Guilt and shame. That’s how I felt after I started conversations with HR about parental leave. I shouldn’t be complaining when I got more time off than most other fathers did. However, I had an innate sense of responsibility to stand up for my friends and colleagues. No one should feel anxious about putting their career in jeopardy when adding a new member to their family. At a time when there’s so much hate in the world and sexism in tech, why should a white, way below average height, balding, lover of hip hop and video games, 33-year-old Okie who has never experienced racism, sexism or bigotry choose to fight this fight?

Change doesn’t happen until someone is not only willing to recognize it, but do something about it. Although it makes me really uncomfortable to call out problems, I have a responsibility to my team to make their lives easier and less-stressful. After all, work is easy…having a kid is hard.

How Articulate stepped up and fixed the problem.
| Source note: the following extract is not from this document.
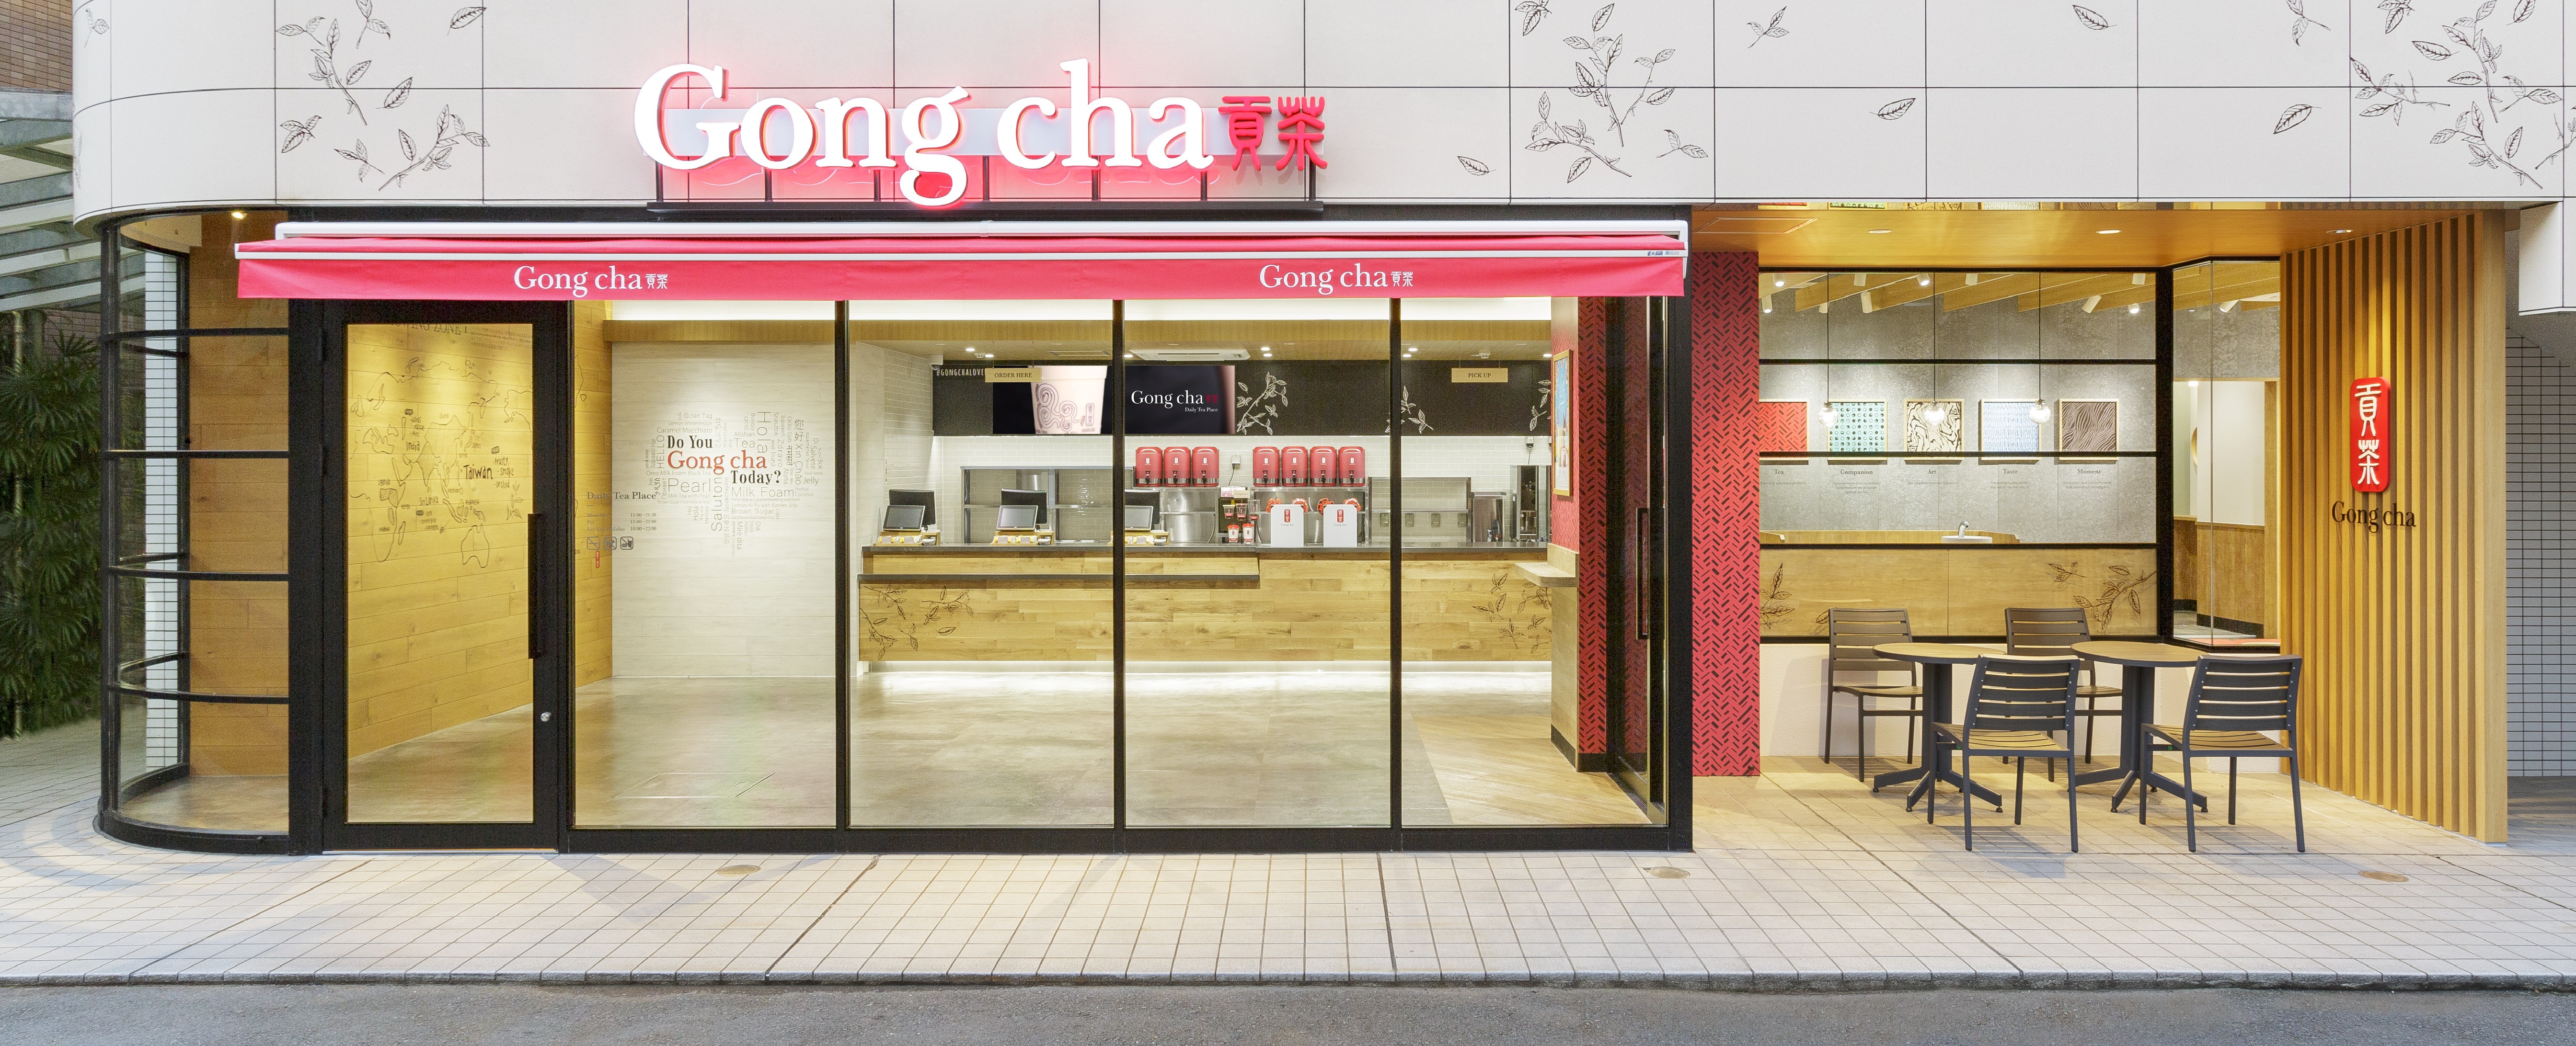 この秋、ゴンチャの新シリーズ発売！デザートのような味わい「Gong cha Tea Dessert」 第一弾は ”クレームブリュレ”のサブ画像10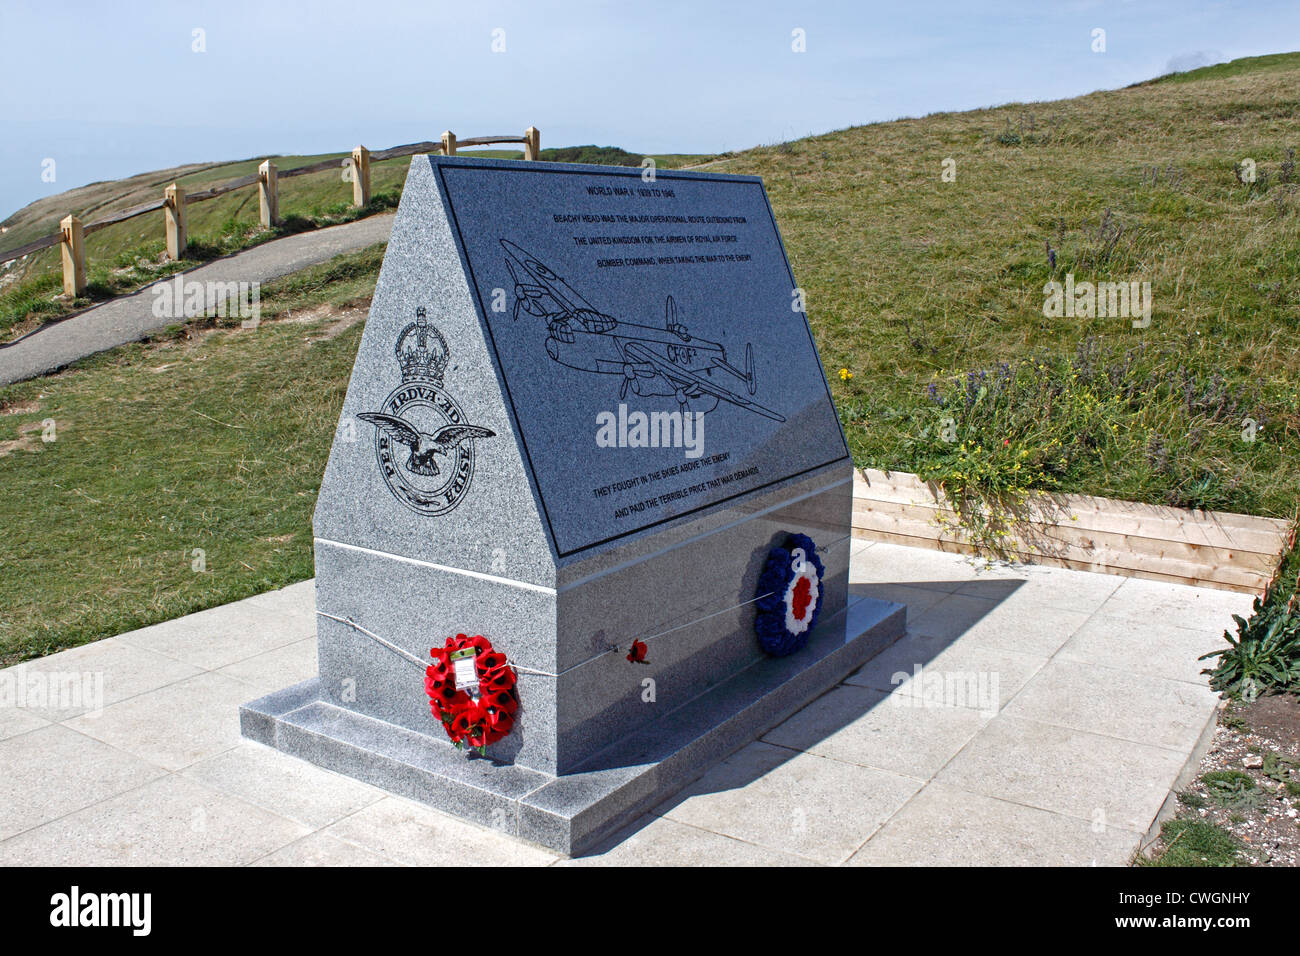 La RAF Bomber Command Memorial en Beachy Head. EAST SUSSEX, REINO UNIDO. Foto de stock

5 minutes. That’s how long it took for Adam Schwartz and his team to reach a decision on the new policy. They were able to recognize the problem with the “take as much time as you need” approach and corrected it immediately. Only 6 days after my initial contact with HR, a new Baby Bonding Benefit was born. Here’s the gist:

Both primary and non-primary caregivers can take 17 weeks of paid leave. You can take it all at once, split it up into chunks, or extend it by working part-time.

I originally planned on taking about 5 weeks off and then phasing back into work for 2 weeks. My new plan is to take 8 weeks off and phase back into work for 2 weeks. Then, I’ll take additional time off around Thanksgiving and Christmas. When my wife decides to go back to work, I’ll take advantage of the leave that’s left to help with that transition.

Stop waiting for legislation. We can fix this now.

The FAMILY Act was introduced in February of 2017 and recently endorsed by Facebook COO Sheryl Sandberg. It would provide both mothers and fathers with up to 12 weeks of partially paid leave. While it’s a step in the right direction, policy like this takes time to implement and there’s no guarantee that it would ever get voted on.

You can fix this now by simply asking your company to match Articulate’s new Baby Bonding Benefit. If your policy is already better than Articulate’s, please ask around and make sure people are fully utilizing it. “Take as much time as you need” means “Take as much time as your manager thinks is reasonable.” Parental leave shouldn’t be up for interpretation.